Laparoscopic segmental bowel resection, disc excision and rectal shaving are described as surgical options for the treatment of bowel endometriosis, but the gold standard has not yet established. The aim of the study is to investigate the efficacy of the laparoscopic bowel shaving technique in terms of pain symptomatology and to analyse early and late postoperative complications.

Methods

Retrospective cohort study of a series of 703 consecutive patients treated between January 2014 and December 2019 in a tertiary care referral centre. All patients underwent laparoscopic bowel shaving with concomitant radical excision of DIE.

Results

Bilateral posterolateral parametrectomy and ureterolysis were performed, respectively, in 314 (44.7%) and 318 cases (45.2%). A radical hysterectomy was performed in 107 cases (82.9%). Postoperative complications were infrequent: 17 patients required a reoperation (2.4%) and in this subgroup we registered 2 rectovaginal fistulas (0.3%), 4 patients received blood transfusion (0.6%), 12 patients (1.7%) experienced postoperative fever, 6 patients experienced impaired bladder voiding (0.9%) after 6 months.

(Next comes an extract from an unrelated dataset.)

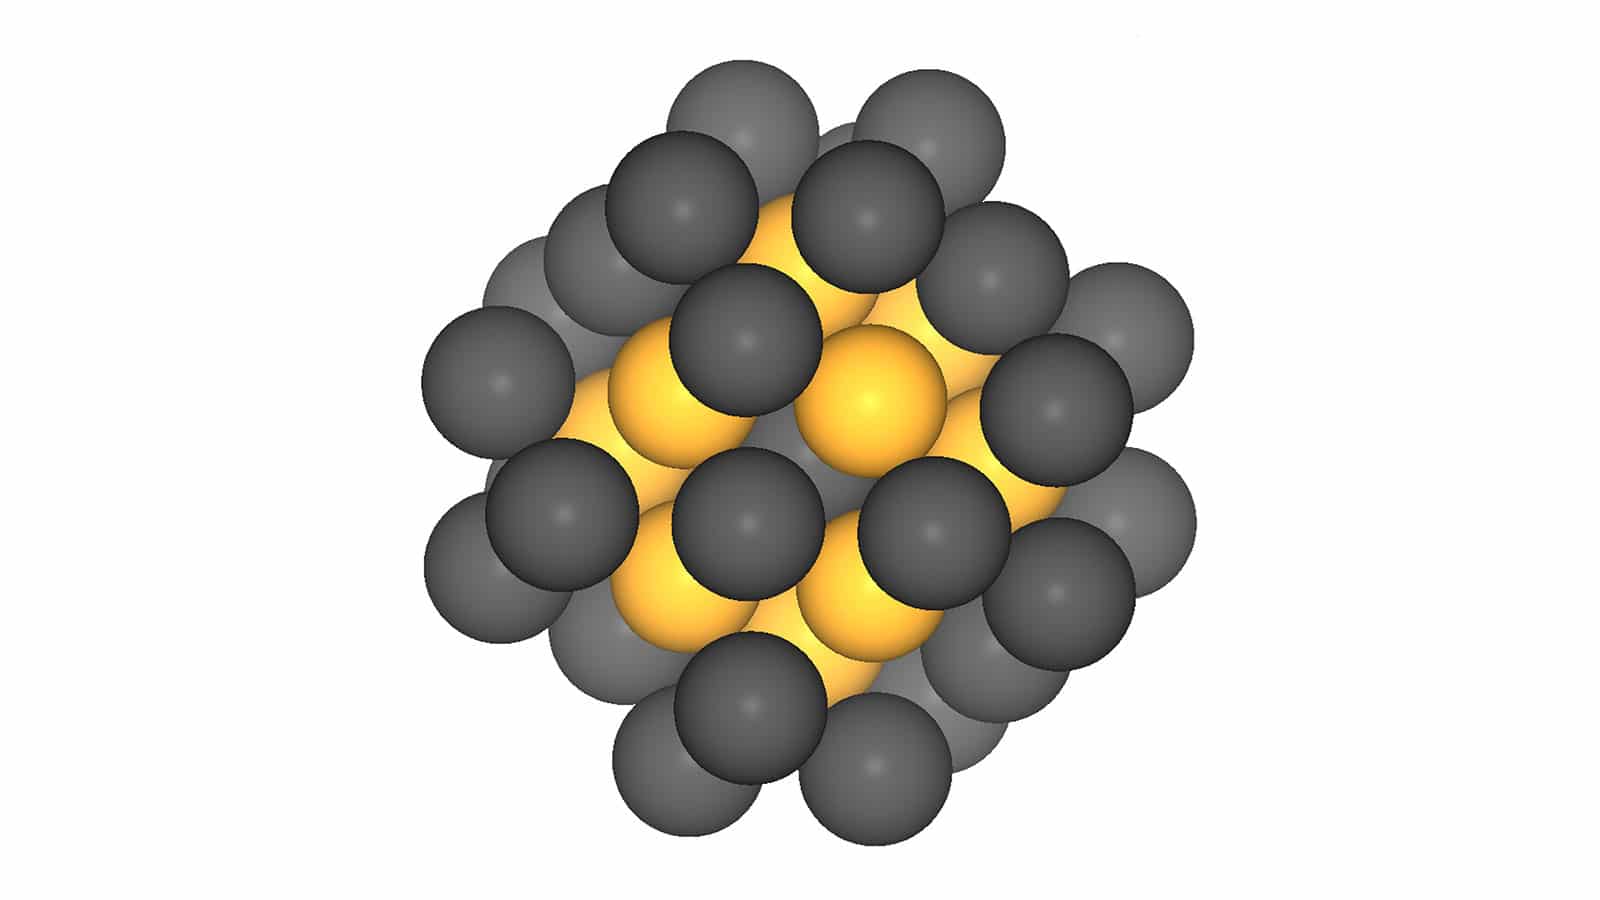 Platin-nanoparticles with 40 atoms. Image: B. Garlyyev / TUM

Median follow-up was 14 months. The study reported good clinical and surgical results, with a regression of symptoms (p < 0.0001) and an overall rate of recurrence of 6.5%. Clinical and instrumental criteria of bowel endometriosis relapse were exclusively detected in 5 patients (0.8%). Eleven patients (1.7%) with relapsed endometriosis were reoperated.

Conclusions

Bowel shaving is a feasible and valuable surgical procedure. It is only the last step of a complex surgery which is aimed to minimize the residual quote of infiltrating nodule and requires a multidisciplinary team to achieve optimal treatment preoperatively, intraoperatively and postoperatively.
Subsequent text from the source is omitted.